Re: What encoding does u'...' syntax use?

2009-02-21 Thread Aahz
In article 499f397c.7030...@v.loewis.de,
=?ISO-8859-15?Q?=22Martin_v=2E_L=F6wis=22?=  mar...@v.loewis.de wrote:
 Yes, I know that.  But every concrete representation of a unicode string 
 has to have an encoding associated with it, including unicode strings 
 produced by the Python parser when it parses the ascii string u'\xb5'
 
 My question is: what is that encoding?

The internal representation is either UTF-16, or UTF-32; which one is
a compile-time choice (i.e. when the Python interpreter is built).

Wait, I thought it was UCS-2 or UCS-4?  Or am I misremembering the
countless threads about the distinction between UTF and UCS?
-- 
Aahz (a...@pythoncraft.com)   * http://www.pythoncraft.com/

Weinberg's Second Law: If builders built buildings the way programmers wrote 
programs, then the first woodpecker that came along would destroy civilization.
--
http://mail.python.org/mailman/listinfo/python-list


Re: What encoding does u'...' syntax use?

2009-02-21 Thread Thorsten Kampe
* Martin v.
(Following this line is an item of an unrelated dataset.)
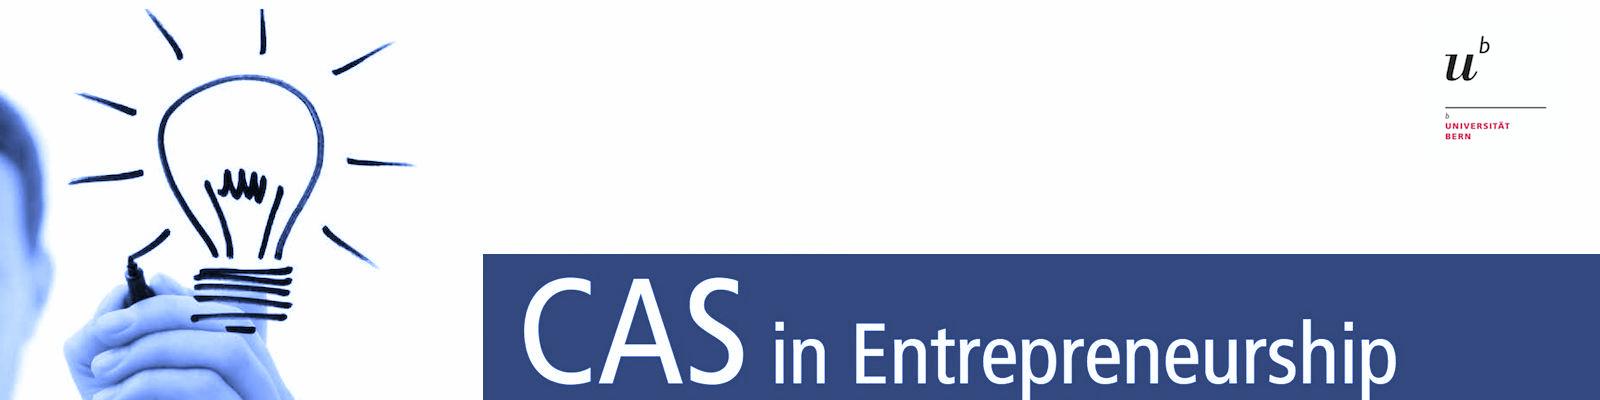 cas-entrepreneurship-titel

Löwis (Sat, 21 Feb 2009 00:15:08 +0100)
  Yes, I know that. But every concrete representation of a unicode
  string has to have an encoding associated with it, including unicode
  strings produced by the Python parser when it parses the ascii
  string u'\xb5'
  
  My question is: what is that encoding?
 
 The internal representation is either UTF-16, or UTF-32; which one is
 a compile-time choice (i.e. when the Python interpreter is built).

I'm pretty much sure it is UCS-2 or UCS-4. (Yes, I know there is only a 
slight difference to UTF-16/UTF-32).

Thorsten
--
http://mail.python.org/mailman/listinfo/python-list


Re: What encoding does u'...' syntax use?

2009-02-21 Thread Denis Kasak
On Sat, Feb 21, 2009 at 7:24 PM, Thorsten Kampe
thors...@thorstenkampe.de wrote:

 I'm pretty much sure it is UCS-2 or UCS-4. (Yes, I know there is only a
 slight difference to UTF-16/UTF-32).

I wouldn't call the difference that slight, especially between UTF-16
and UCS-2, since the former can encode all Unicode code points, while
the latter can only encode those in the BMP.

--
Denis Kasak
--
http://mail.python.org/mailman/listinfo/python-list


Re: What encoding does u'...' syntax use?

2009-02-21 Thread Martin v. Löwis
 My question is: what is that encoding?
 The internal representation is either UTF-16, or UTF-32; which one is
 a compile-time choice (i.e. when the Python interpreter is built).
 
 Wait, I thought it was UCS-2 or UCS-4?  Or am I misremembering the
 countless threads about the distinction between UTF and UCS?

You are not misremembering. I personally never found them conclusive,
and, with PEP 261, I think, calling the 2-byte version UCS-2 is
incorrect.

Regards,
Martin
--
http://mail.python.org/mailman/listinfo/python-list


Re: What encoding does u'...' syntax use?

2009-02-21 Thread Martin v. Löwis
 I'm pretty much sure it is UCS-2 or UCS-4. (Yes, I know there is only a
 slight difference to UTF-16/UTF-32).
 
 I wouldn't call the difference that slight, especially between UTF-16
 and UCS-2, since the former can encode all Unicode code points, while
 the latter can only encode those in the BMP.

Indeed. As Python *can* encode all characters even in 2-byte mode
(since PEP 261), it seems clear that Python's Unicode representation
is *not* strictly UCS-2 anymore.

Regards,
Martin
--
http://mail.python.org/mailman/listinfo/python-list


Re: What encoding does u'...' syntax use?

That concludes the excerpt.